Affinity CCRCs exist. Washington, DC has an Armed Forces Retirement Home. "... if you're a Catholic, the Alexian Brothers have a life care community in Signal Mountain, TN," near Chattanooga (56). Landow House in Rockville, MD appeals to Jewish residents, though all faiths are welcome (56).
Four Storm Clouds on the Horizon...65
What are megatrends in America to keep our eyes on?
"People are living longer" (65). Where will qualified staff come from? People are filing more lawsuits. Liability insurance claims against CCRCs have risen 8%/year since 2004. General accounting standards are changing. Implications are not entirely clear.
Taking the Tour...79
By this stage you know roughly where you want to live. You have used the internet to take visual tours of candidate CCRCs. You have their literature. You are now ready, checklist in hand, to put your boots on the ground and find your dream retirement community.
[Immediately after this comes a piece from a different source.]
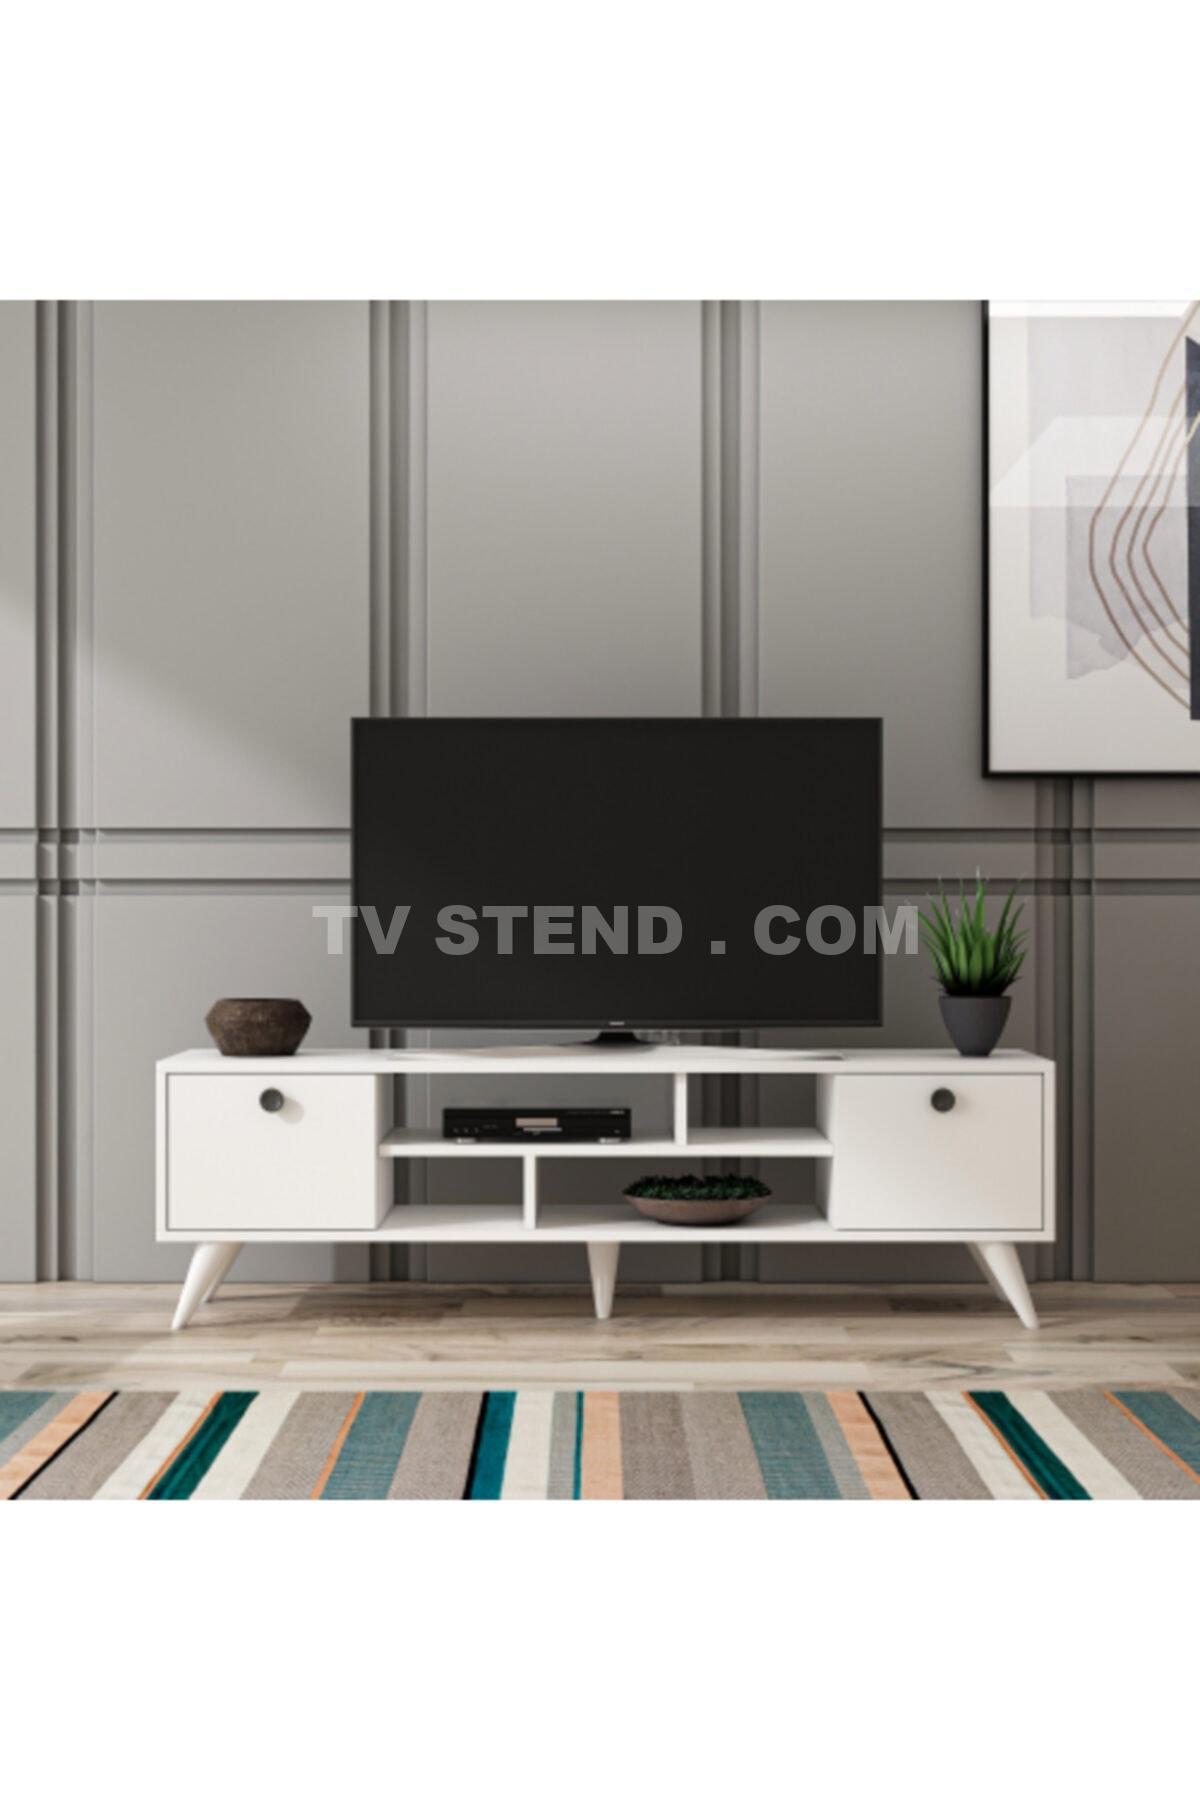 Rona tv stend
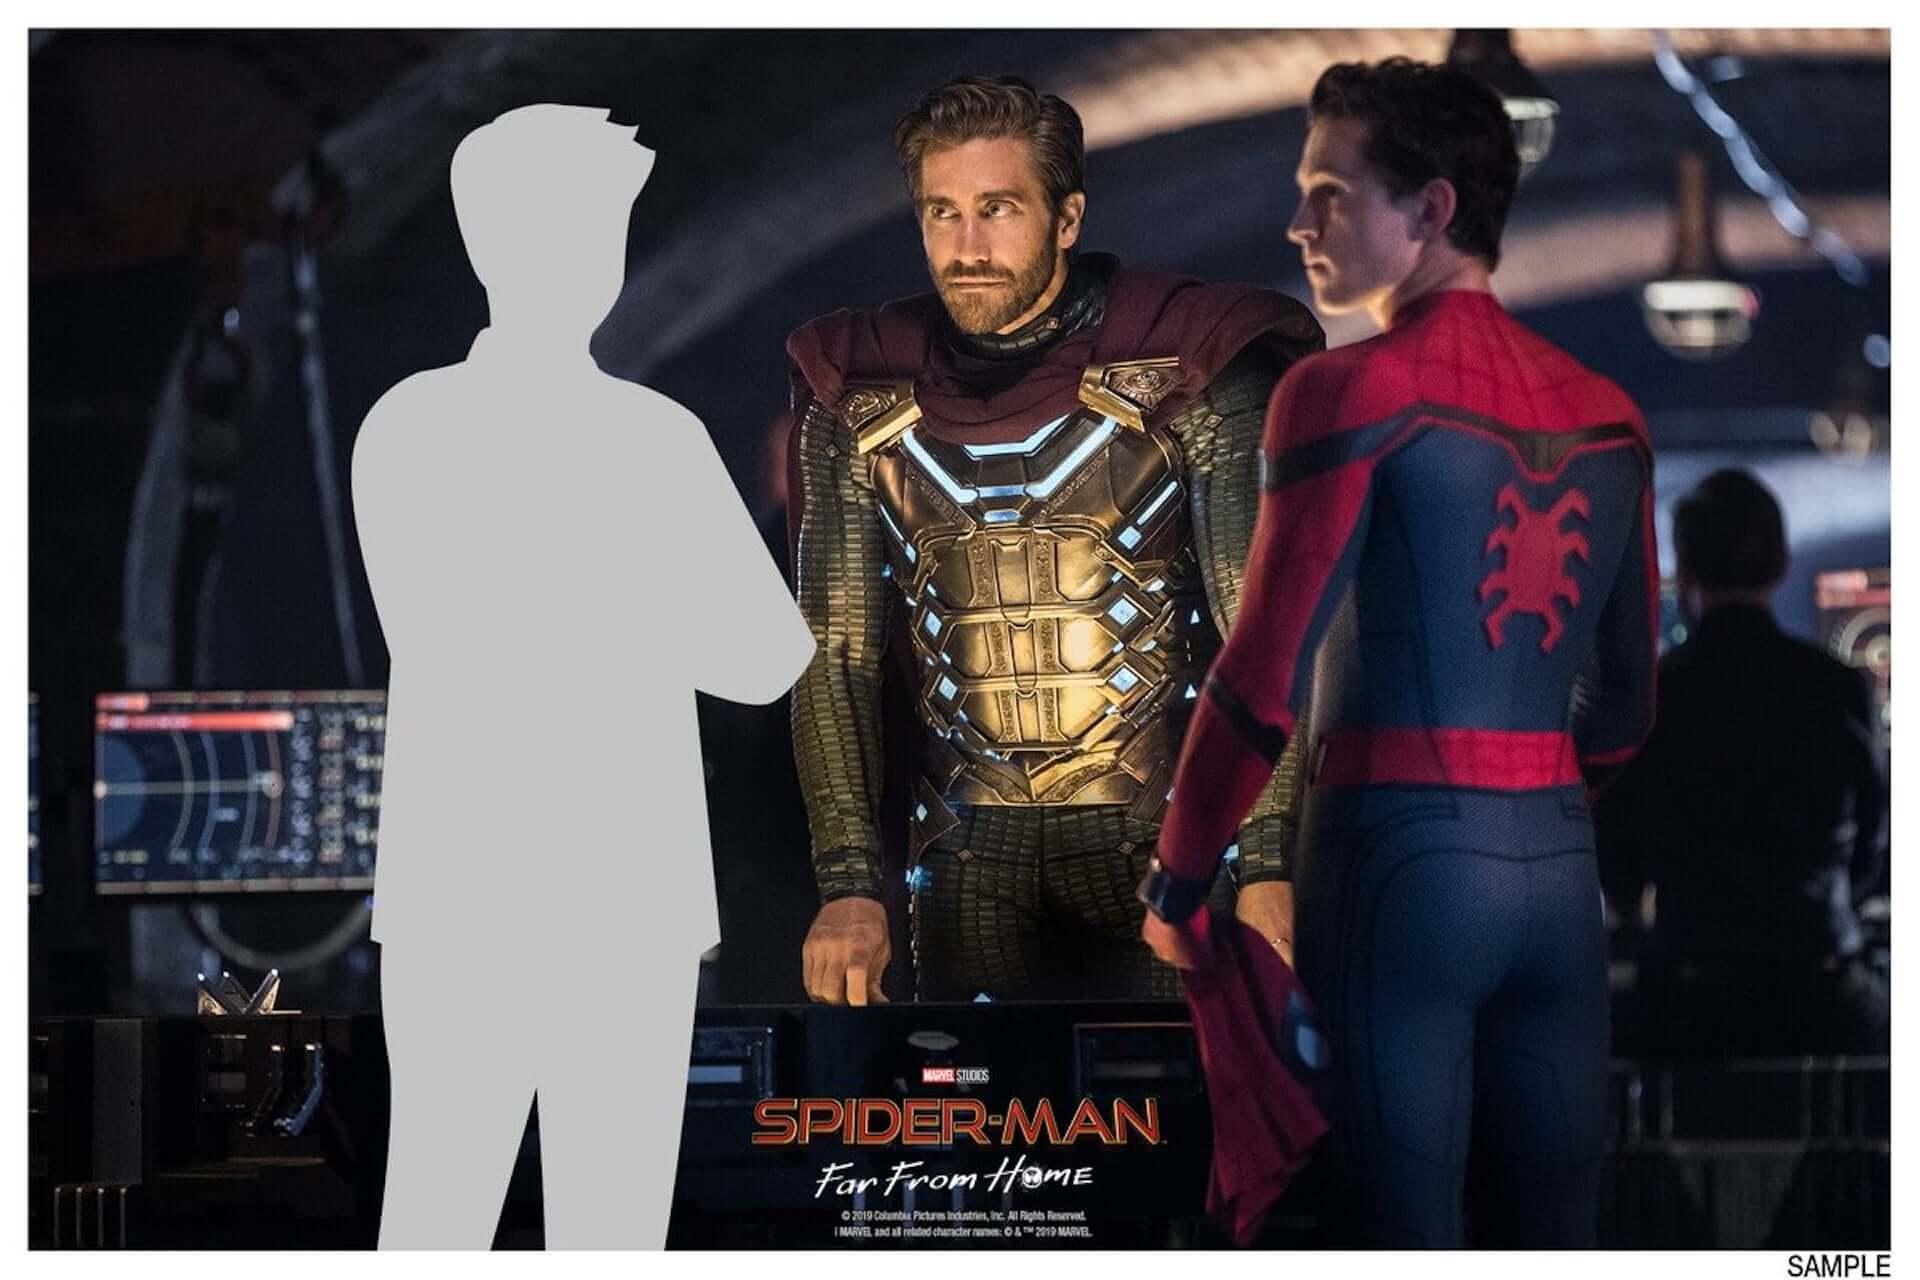 あの名場面が蘇る!?『スパイダーマン』『ヴェノム』の世界に入り込んで撮影できるフォトブースが東京コミコンに登場 film191118_sonycomicon3-1920x1280

Is the candidate for profit? Not for profit? Well financed? Have no more than ten items on a list that really mean a lot to you. Take written notes to use to compare the candidates for your money.
On arrival, note what the neighborhood is like. Is it noisy? How far to the nearest good hospital? Are the grounds well kept? Do you like the meals?
Talk to residents. What is their take on the facility: its cooks, activities director, dining room waiters, people who clean the living quarters? How good is security, especially after dark? How hard will it be for you to keep up a favorite pastime --tai chi, golf, tennis, dancing, swimming, etc. -- either on CCRC campus or not too far away?
Be sure to tour and ask questions about the assisted living (AL) and Skilled Nursing Facilities (SNF).
By contrast with certain other books about continuing care retirement communities (CCRCs), Ruth Alvarez's work is detached, unemotional, objective and factual. It does not abound with gushing examples of the author's trials and mistakes or the woes that a niece suffered through when trying to persuade her parents to move into a retirement community.
The book is not encyclopedic, but it is an excellent first crack at a subject more and more Americans are finding salient, what they "need to know about continuing care retirement communities."